I have to apologize to followers new and old for the gaps in posting.

I have been writing, but the minimal time I’ve had available of late has forced me to choose between working on the new novel or talking about the old novel. I have chosen the former.

Sales of Tempt the Ocean continue at a slow pace (very slow), but do continue. I confess I was thrilled when the earnings broke the two-digit milestone. Disheartening when compared to self–published authors who claim to make a living off their novels. I don’t know how they do it. I have to remind myself that it’s a mistake to compare my own progress to that of others.
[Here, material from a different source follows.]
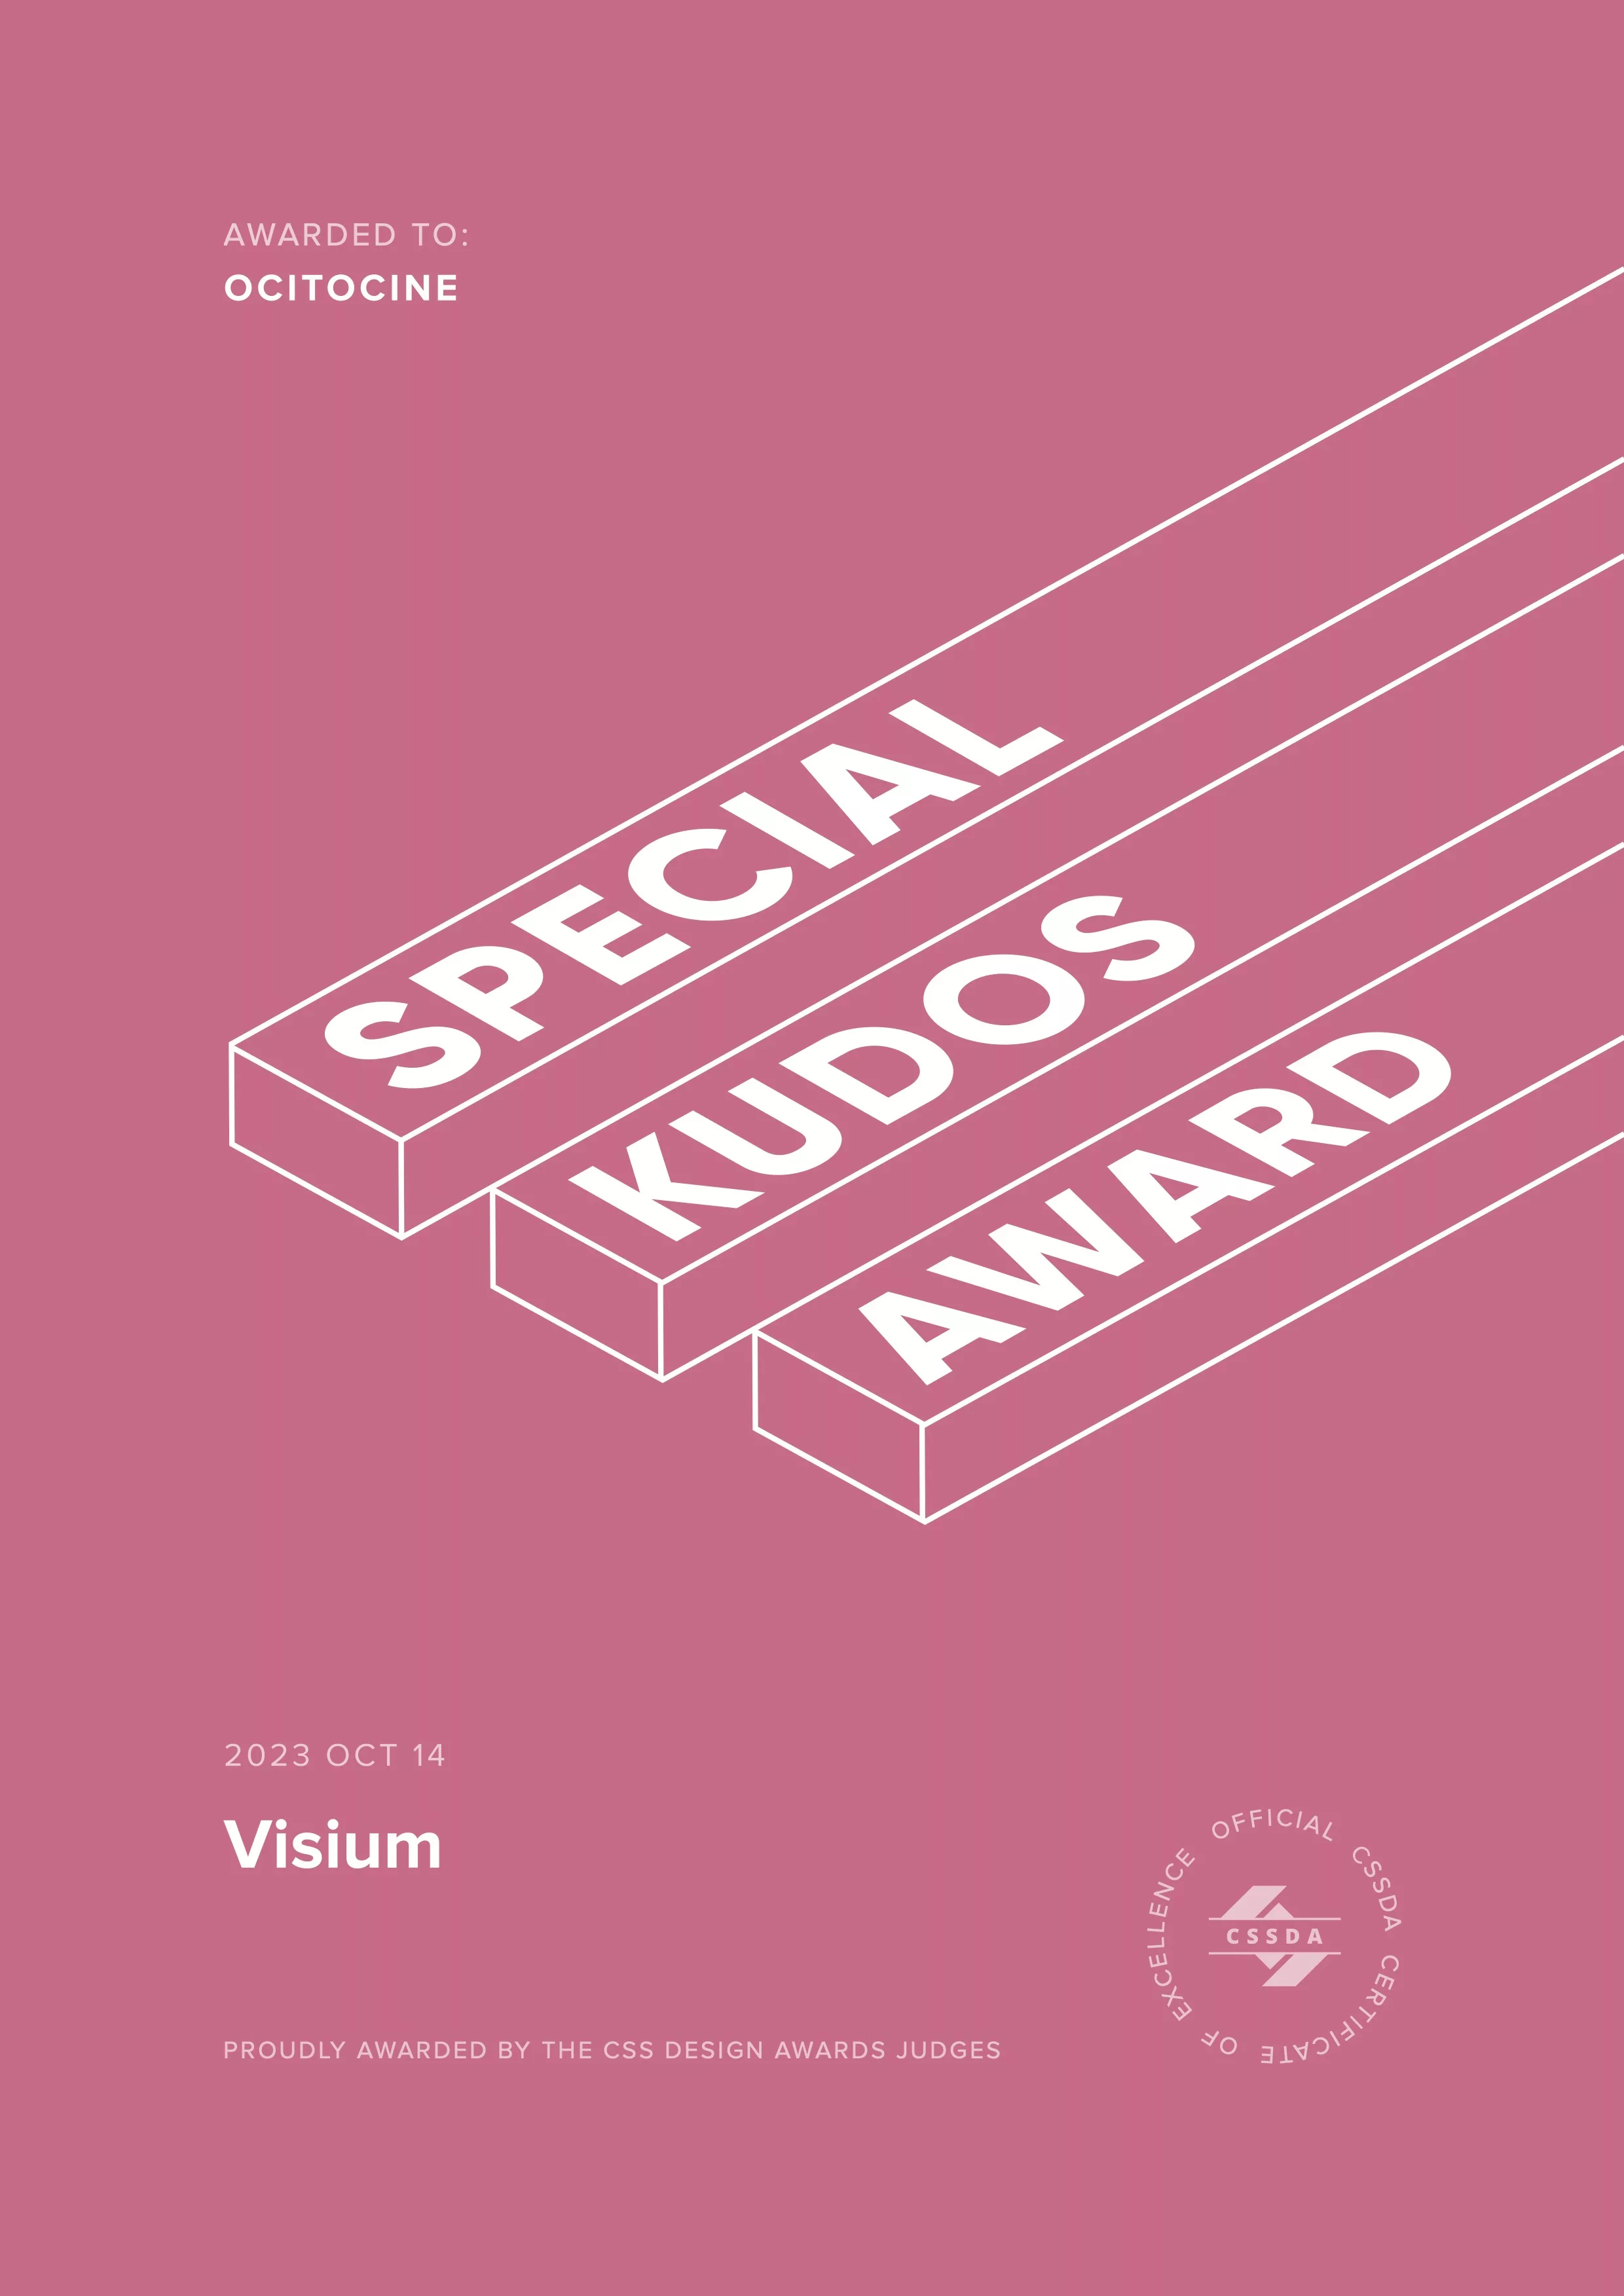 Ocitocine, agence créative web et branding, a remporté un prix "CSSDA Special Kudos Award" pour la réalisation du site web visium.ch

One piece of advice I have: order a small number of printed copies to keep on hand. I never ordered a set of copies of my book to distribute by hand and that has been a mistake. I have since had people ask to buy a copy of my novel outright and have not been able to provide one. A colleague mentioned a book store in our neighbourhood that highlights local independent authors by selling copies directly, but again, I have none to sell. And when I had an opportunity to product-place my novel on screen this summer I had to pass it by since I did not have any copies to loan.

I have no news about making Tempt the Ocean available on other platforms outside Amazon.

I can say, however, that I managed to write a good 1400 words on labour day last week, and I’m plowing through a borrowed copy of A Storm of Swords so I can return it to the library in time. If I don’t have time to write at least I can read and post the occasional Tweet.